To which the only reply was a series of indistinguishable mutters.
Ahsoka twisted to sit with her back against the door. The chill of the metal was a temporary relief to her sore body; it allowed her mind a little quiet space, a moment of clarity.
The tension between Barriss and Fifth was manifest. Ahsoka doubted she could do much to sway Barriss from her objective, but Fifth… if she could provoke him to greater suspicion or resentment, it might be enough to drive him away. He didn't seem to be the most contemplative of individuals, which ought to make him a decent target for a few pointed insinuations.
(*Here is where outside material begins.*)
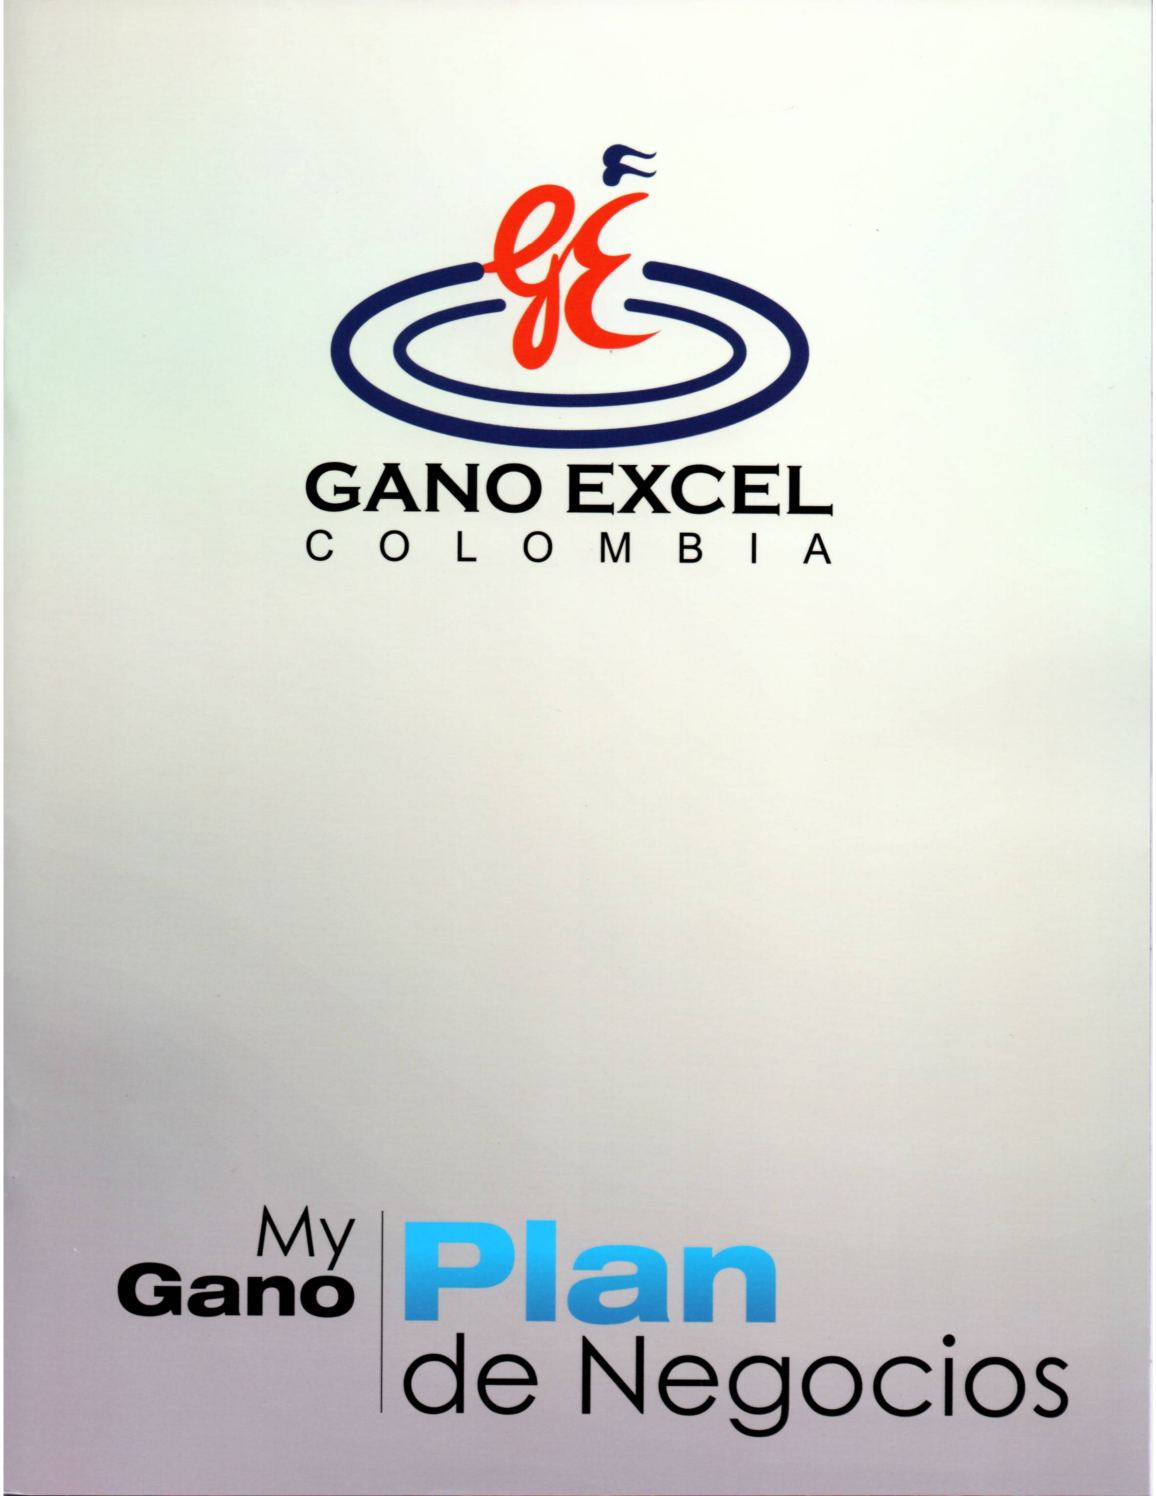 My Gano Plan De Negocios Gano Excel Colombia (1)

With him gone, there would be only Barriss to deal with, before she could collect the boy. (And, Force help her, that was not a task which she looked forward to.) It was nothing even approaching a foolproof plan, and it wouldn't completely fix her situation, but at least it was a jumping-off point.
Thus, the next time Fifth came to interrogate her, she played her card, at one point asking, "Do you really even want to know where Obi-Wan Kenobi is? Because I don't think Barriss much cares. She just wants an excuse to torture me. She isn't the person I used to know. She was a good Jedi, once. But now…. She's ruthless. Ambitious. And clever. At first, I thought maybe there was some spark of light left in her, but now I see she's no better than the rest of you. Treacherous. Selfish."
Let that rattle around in his brain for a few days, and see where his conclusions led him.